Share your dilemmas and get honest opinions from other Mumsnetters.

my partner doesn't want me to be friend with him

172 replies

confusedx3 · 10/11/2020 12:29

hi all,

a long time ago (talking nearly 10 years and when I was a teenager) i slept with someone who I was friends with. only once and on my part no feelings developed romantically. however, it did for him. for the next few years he claimed to be in love with me but I never shared these feelings back. in hind sight, he was more in lust than love, we were only teenagers at the time. it was silly. its a shame because we were great friends prior to this and I wish we had never over stepped the mark because this would never be a problem now.

fast forward all these years, and in 2018 my current partner kicked off because we were still friends, said he isnt comfortable with it and effectively he was going to cause problems if I stayed friends with this guy. because i didnt want the agro i kind of gave in and mine and this guys friendship slowly faded. I wasnt happy about it at the time but my ex friend didnt want the hassle either and I think if hes 100 percent honest was scared of my partner.

ex friend recently announced his engagement and I have unexpectedly been invited to the party (once lockdown has been lifted of course). my partner is still not happy and has announced he will be furious if I even consider going.

I just dont understand. i feel like he doesnt trust me. i have never had romantic feelings for my friend - we slept together once years ago, and yes my friend developed more romantic feelings towards me but this was a long long time ago. he is engaged now ffs and we are 10 years on. I just feel like my partner is being immature and controlling. especially considering his ex girlfriend who he had very strong feelings for when they were together was part of our extended friendship group and I had to put up with her presence at events for years.

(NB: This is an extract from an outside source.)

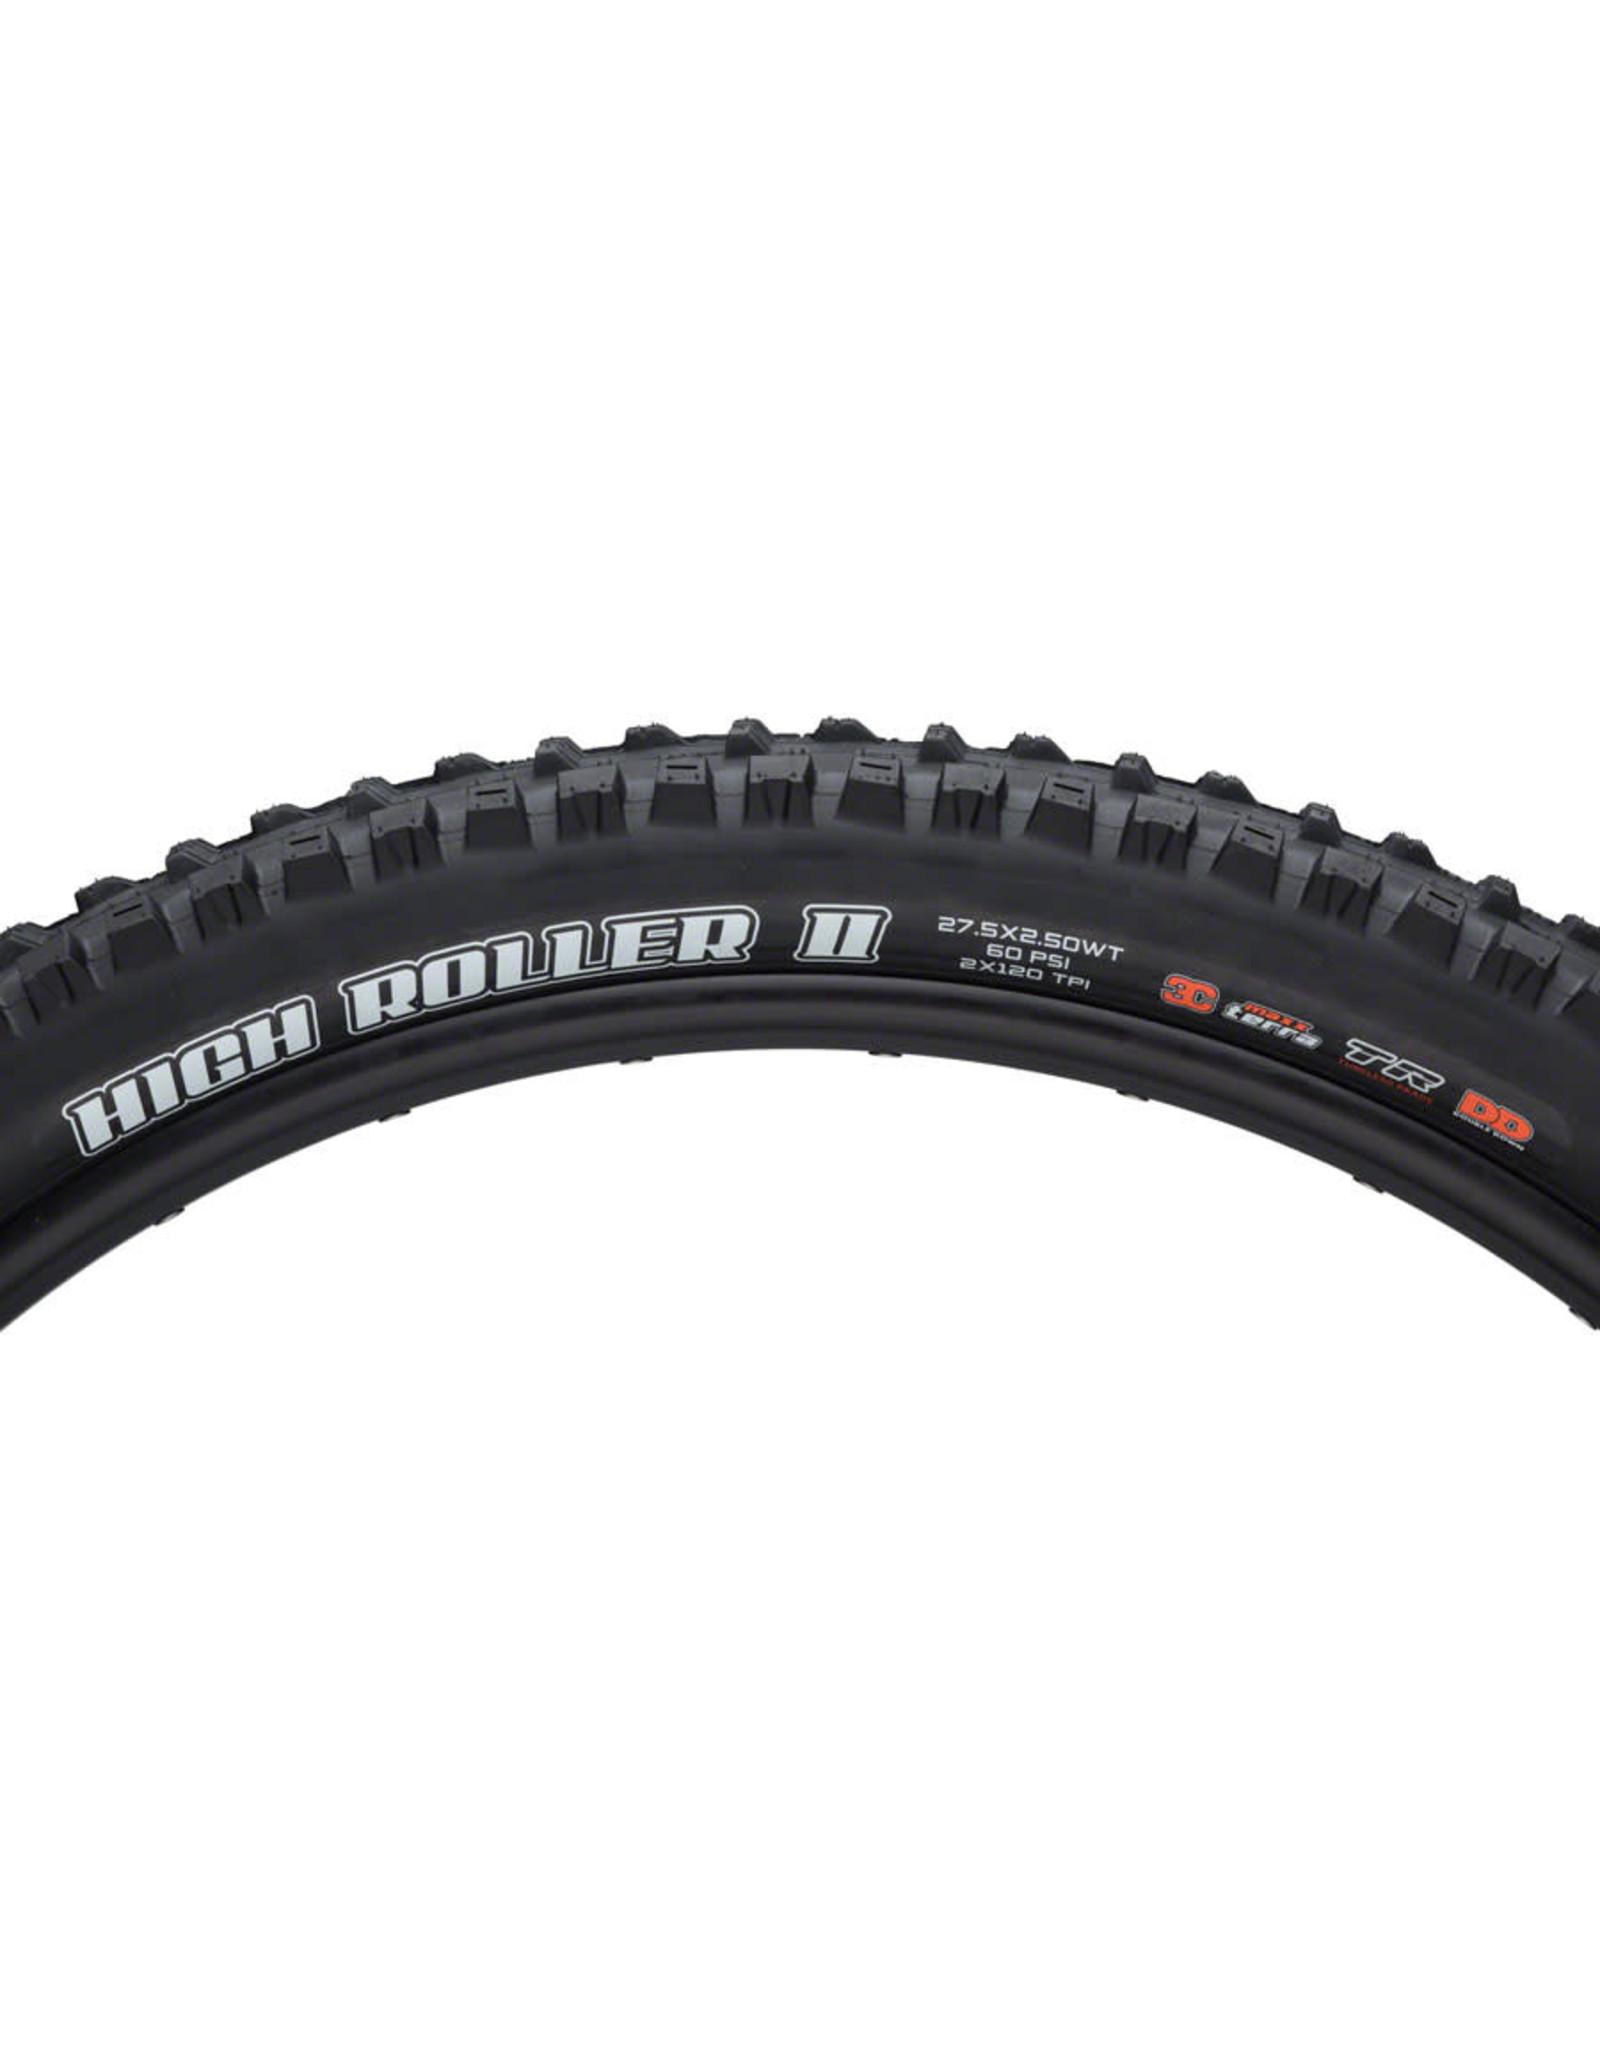 Maxxis Maxxis High Roller II Tire - 27.5 x 2.6, Tubeless, Folding, Black, Dual, EXO, Wide Trail

I really miss my friend- he was there for me a lot through the years before I met partner and now I feel I cant share his enjoyment at his engagement because of my partner and his jealousy.

AIBU to want some kind of friendship back?

OP posts:
D4rwin · 10/11/2020 14:02

I think it is important that you draw a line here. You want to wish an old friend well in their new life and congratulate them. That's reasonable. Your partner is being unreasonable about what is a very normal situation. He might have some sort of history but that's his problem to work on. How he deals with it might impact on your future relationship, I'd tell him as much that you've thought it through, that it's something you feel is perfectly reasonable, you understand he feels uncomfortable but you want him to move on. But I would act how you want as it's not as though you're changing anything about the relationship or what you bring to it!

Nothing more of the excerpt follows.